Terra Firma’s Hands Had Trusted Advice, Citigroup Banker Says

David Wormsley of Citigroup Global Markets Ltd.
David Wormsley, chairman of U.K. banking and broking at Citigroup Global Markets Ltd. Photographer: Louis Lanzano/Bloomberg

David Wormsley, the Citigroup Inc. banker accused by Guy Hands of misleading him in the 2007 auction of EMI Group Ltd., testified that Terra Firma Capital Partners Ltd. founder would have trusted his advice at times.

Wormsley, 50, was called as a hostile witness yesterday by Terra Firma, whose $8.3 billion suit against Citigroup is on trial in federal court in Manhattan. Wormsley spent 25 minutes on the stand before U.S. District Judge Jed S. Rakoff sent the nine-member jury home for the evening.

“There were situations in which Mr. Hands would have trusted my word and advice,” Wormsley said under questioning from David Boies, the lead lawyer for Hands and Terra Firma. “I would always be as truthful and honest as I could be.”

Boies introduced a series of e-mails sent by Wormsley in which, Wormsley testified, he was trying to strengthen the relationship between London-Based Terra Firma and New York-based Citigroup.

“I know it may seem strange to advise you how to handle the banks, but I am incapable of not trying to get you the best possible outcome,” Wormsley said in a November 2006 e-mail to Hands.

Terra Firma claims Wormsley falsely told Hands in three telephone calls on the weekend before a May 21, 2007, auction that Cerberus Capital Management LP planned to submit a competing bid for EMI, a 113-year-old music publishing and recording company based in London. Instead, Cerberus had decided not to bid, leaving Terra Firma without competition.

‘Big Love’

In another e-mail from November 2006, Wormsley tried to convince former Citigroup executive Julian Mylchreest to meet with representatives of Terra Firma in London.

“For reasons I won’t go into, we have to show big love to Terra Firma,” Wormsley wrote.

Hands, in testimony over four days that ended this morning, claimed that if he had known New York-based Cerberus wasn’t bidding, Terra Firma, which paid $6.7 billion for EMI, would have stayed out of the auction and negotiated a better price. Citigroup lent more than $5 billion in the EMI deal.

Citigroup’s lawyers have tried to show that Terra Firma’s bid was based on due diligence the firm conducted before the auction, as well as conversations with EMI’s chief executive officer and Terra Firma’s estimate of the company’s worth, and not on any information passed along by Wormsley.

Testimony to Continue

Wormsley will be back on the stand when the trial resumes today. Ted Wells, a lawyer for Citigroup, will have a chance to question Wormsley once Boies is finished with his examination.

Hands, in concluding his testimony yesterday, told jurors about his business relationship with Wormsley at the time of the EMI acquisition.

“He was a friend,” Hands said. “He was someone I trusted.
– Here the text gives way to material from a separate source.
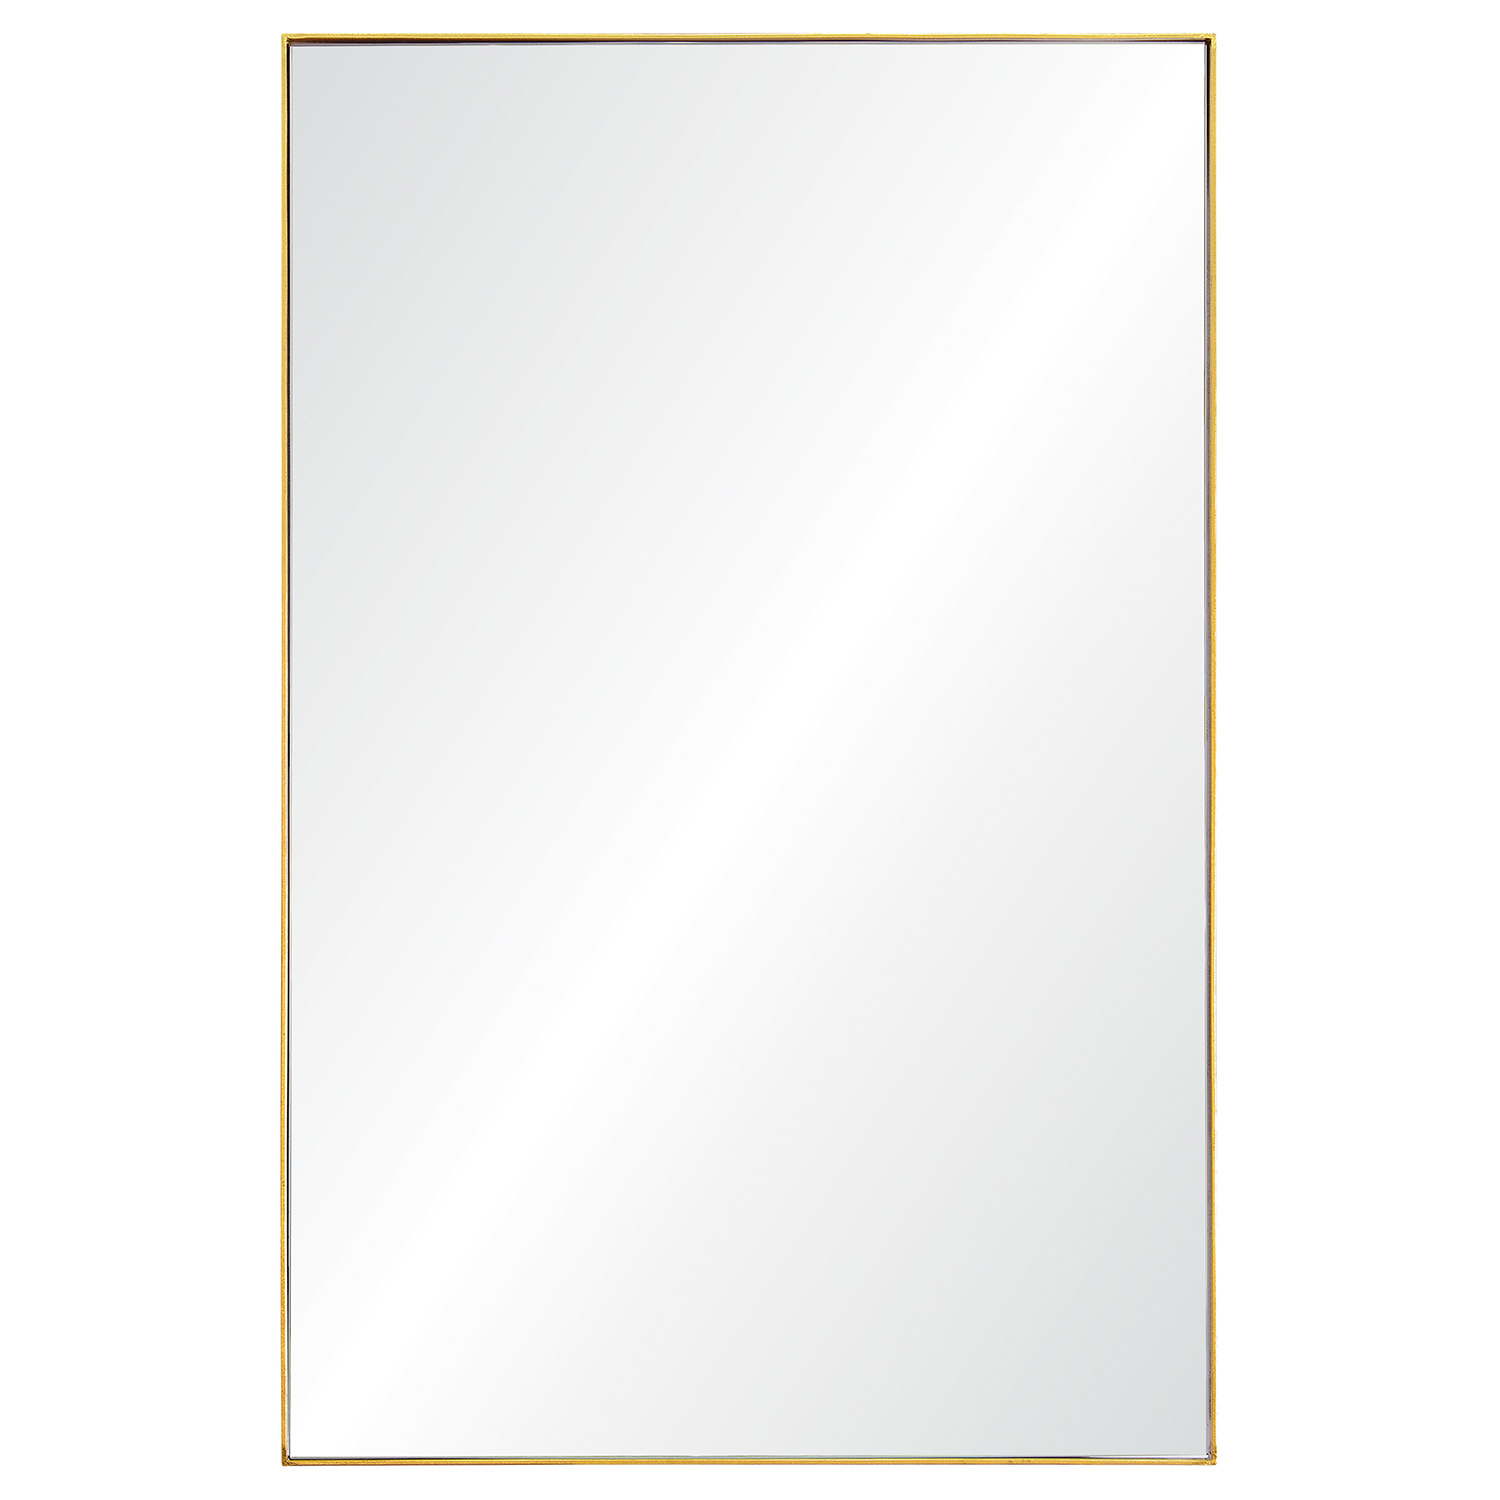 Ren-Wil Florence Rectangular Mirror - Gold Leaf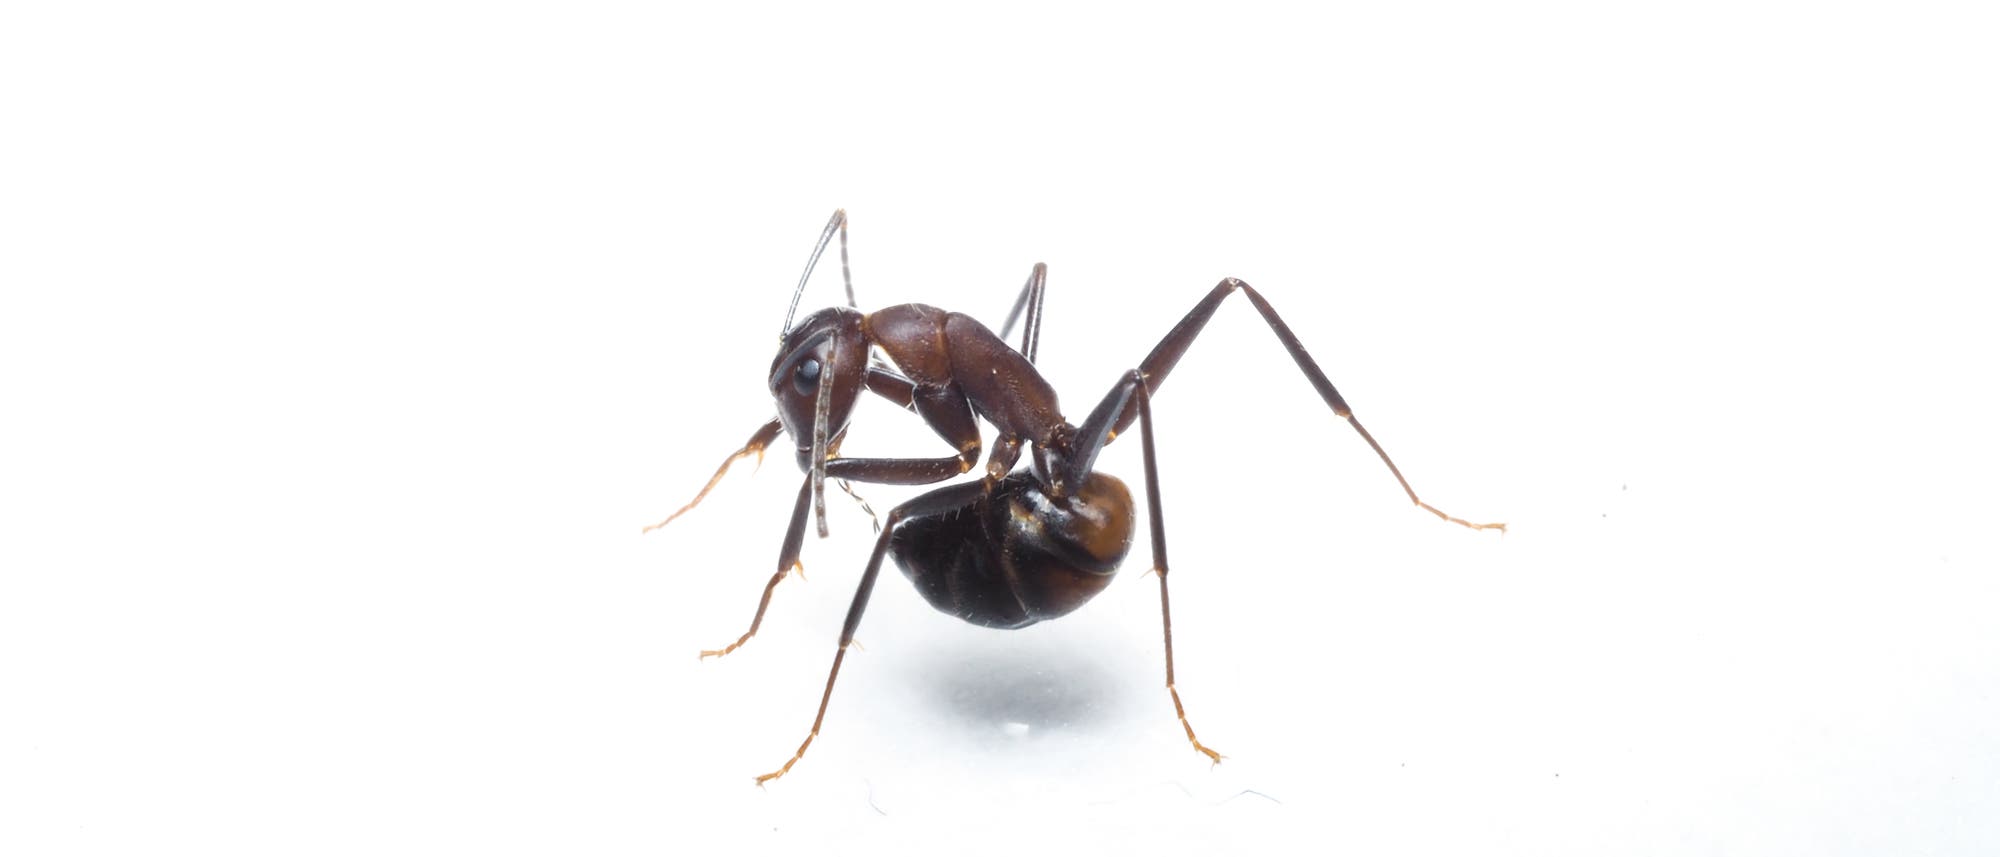 Eine Ameise putzt ihren Hinterleib und nimmt so Säure auf.

He had given me good information on companies we had purchased in the past.”

Because Hands and Wormsley were designated as corporate representatives for their respective sides, they are the only witnesses who are permitted to remain in the courtroom and watch other witnesses testify.

The case is Terra Firma Investments (GP) 2 Ltd. v. Citigroup, 09-cv-10459, U.S. District Court, Southern District of New York (Manhattan).